The sigmoid function does exactly this:

\[\sigma(z) = \frac{1}{1 + e^{-z}}\]

When \(z\) is very large and positive, \(\sigma(z) \approx 1\) (certain positive). When \(z\) is very large and negative, \(\sigma(z) \approx 0\) (certain negative). At \(z=0\), \(\sigma(0) = 0.5\) (maximum uncertainty). The decision boundary is the set of points where \(\sigma(z) = 0.5\), which is where \(z = w^T x + b = 0\).

In binary classification, the standard rule is:

If \(\sigma(z) > 0.5\) → predict class 1 (positive)
If \(\sigma(z) \leq 0.5\) → predict class 0 (negative)

RL connection: The policy \(\pi(a \mid s)\) in RL is a probability distribution over actions — it is a classifier. Given the state \(s\), the policy outputs probabilities for each action: \(\pi(\text{left} \mid s) = 0.3, \pi(\text{right} \mid s) = 0.7\). The softmax function (a multi-class generalisation of sigmoid) converts a linear output \(z = w^T s\) into action probabilities. Sigmoid and softmax are the same idea — sigmoid for binary, softmax for multi-class.

Illustration: The sigmoid function maps any real number \(z\) to a value between 0 and 1.

Exercise: Implement sigmoid in NumPy. Given 6 data points with z-scores, compute their probabilities and classify each as positive (1) or negative (0) using threshold \(p > 0.5\).

Try it — edit and run (Shift+Enter)

Professor’s hints

sigmoid(z) = 1 / (1 + np.exp(-z)) — use np.exp for NumPy arrays (not math.exp).
(probs > 0.5).astype(int) converts a boolean array to 0/1 integers — clean one-liner for threshold classification.
probs.round(3) rounds to 3 decimal places for readable output.
Notice that z=0 gives prob=0.5 exactly — the model is maximally uncertain at the decision boundary.

Common pitfalls

Using math.exp instead of np.exp: math.exp only works on a single scalar. For NumPy arrays, always use np.exp(-z).
Confusing \(z\) with \(p\): \(z = w^T x + b\) is the raw linear output (can be any real number). \(p = \sigma(z)\) is the probability (always between 0 and 1). They are different quantities.
Threshold of 0.5 is not always optimal: In class-imbalanced problems (e.g. 1% positive rate), using 0.5 as the threshold often misses positive examples. The threshold should be chosen based on the cost of false positives vs false negatives.

Worked solution

Sigmoid implementation and classification:

 1
 2
 3
 4
 5
 6
 7
 8
 9
10
11
12
import numpy as np

def sigmoid(z):
    return 1 / (1 + np.exp(-z))

z_scores = np.array([-3.0, -1.0, -0.5, 0.5, 1.0, 3.0])

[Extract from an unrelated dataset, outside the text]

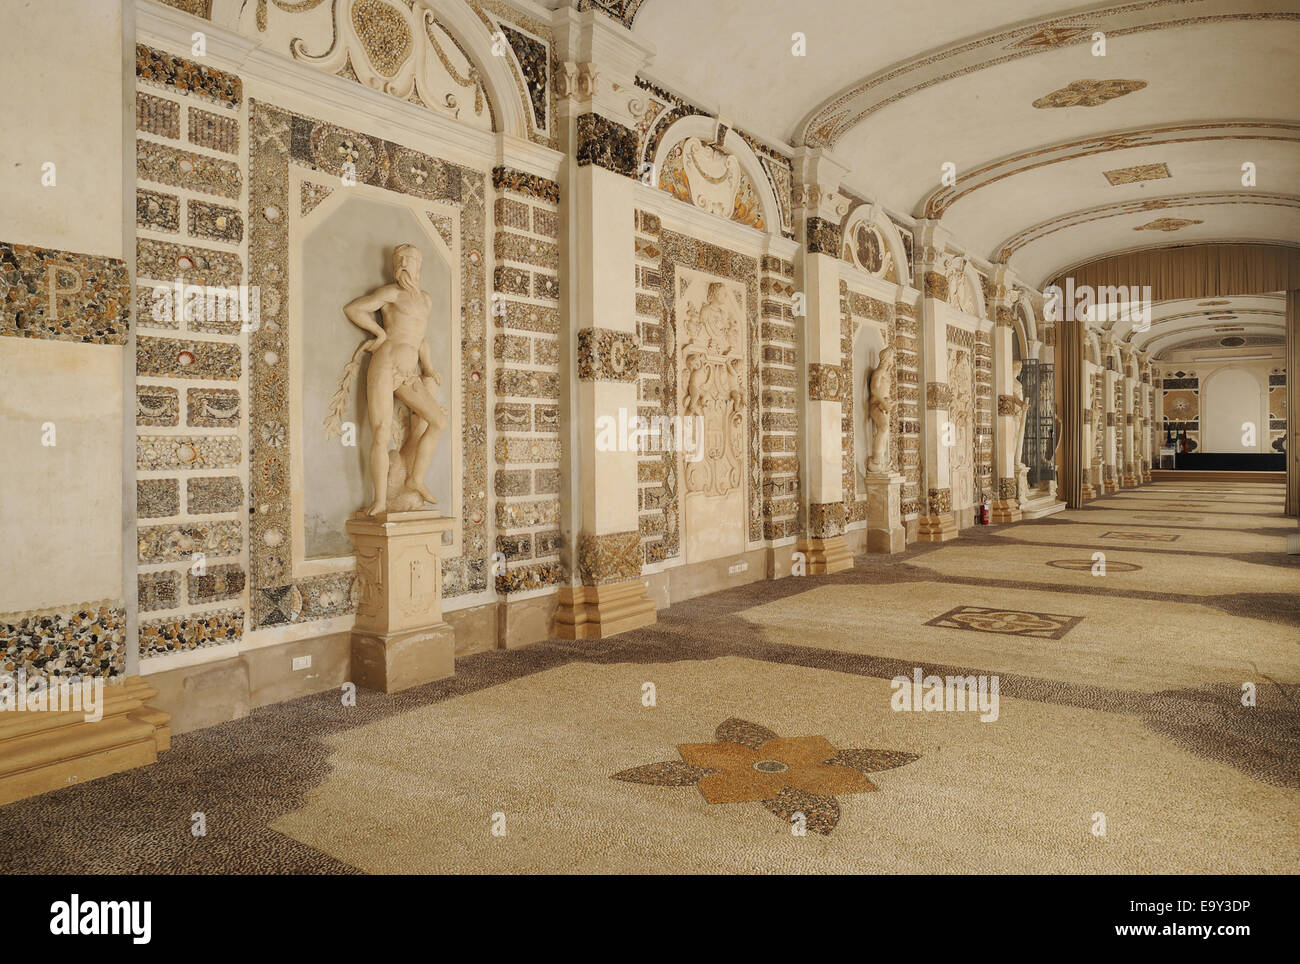 Prix coquilles, Contarini, par le célèbre architecte italien Andrea Palladio, Piazzola sul Brenta, Padoue, Vénétie, Italie Banque D'Images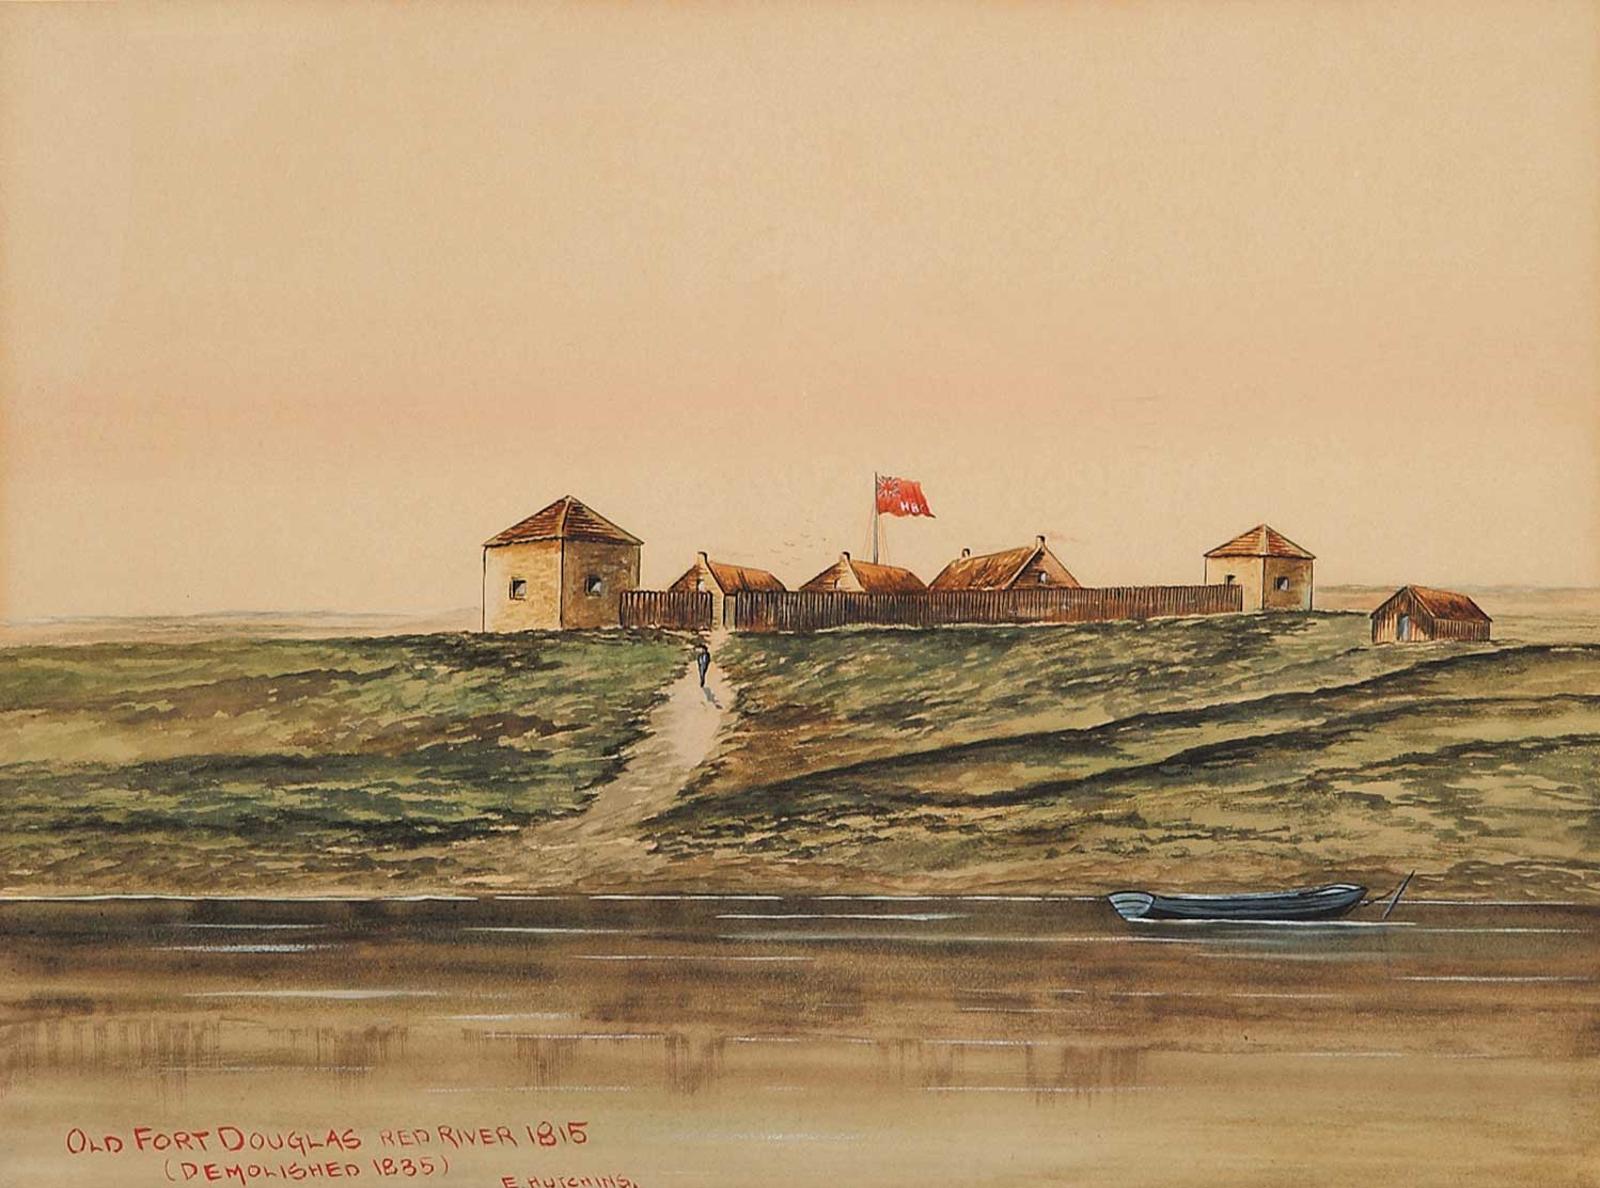 Ernest John Hutchins (1914-1912) - Old Fort Douglas, Red River, 1815 [demolished 1835]

probs       = sigmoid(z_scores)
# [0.047, 0.269, 0.378, 0.622, 0.731, 0.953]

predictions = (probs > 0.5).astype(int)
# [0, 0, 0, 1, 1, 1]

The decision boundary is at z=0 (prob=0.5). Any sample with a positive \(z\)-score is classified as 1.

Extra practice

Warm-up: Compute \(\sigma(0)\), \(\sigma(1)\), and \(\sigma(-1)\) by hand (substitute into the formula). Verify your answers using the bar chart above. Then write a 3-line Python snippet to confirm.

Try it — edit and run (Shift+Enter)

Coding: Plot the sigmoid function for \(z \in [-6, 6]\) using 100 evenly spaced points. Use matplotlib (plt.plot). Add a horizontal dashed line at y=0.5 to show the decision boundary.
Challenge: The sigmoid of very large values can cause numerical issues (exp(-1000) underflows to 0 on some systems, which is fine; but exp(1000) overflows). Implement a numerically stable version of sigmoid that uses np.clip(z, -500, 500) before computing. Verify it handles z=1000 and z=-1000 correctly.
Variant: Change the threshold from 0.5 to 0.7. How does this change the predictions on the 6 z-scores in the exercise? When would you want a higher threshold?
Debug: The code below uses the wrong threshold — it classifies as positive if prob < 0.5 instead of prob > 0.5. Fix it.

Try it — edit and run (Shift+Enter)

Conceptual: Why can we not use MSE as the loss function for classification? Sketch why the loss surface becomes flat and the gradient vanishes for a classifier trained with MSE + sigmoid.
Recall: Write the sigmoid formula from memory. What is \(\sigma(0)\)? What happens as \(z \to +\infty\) and \(z \to -\infty\)?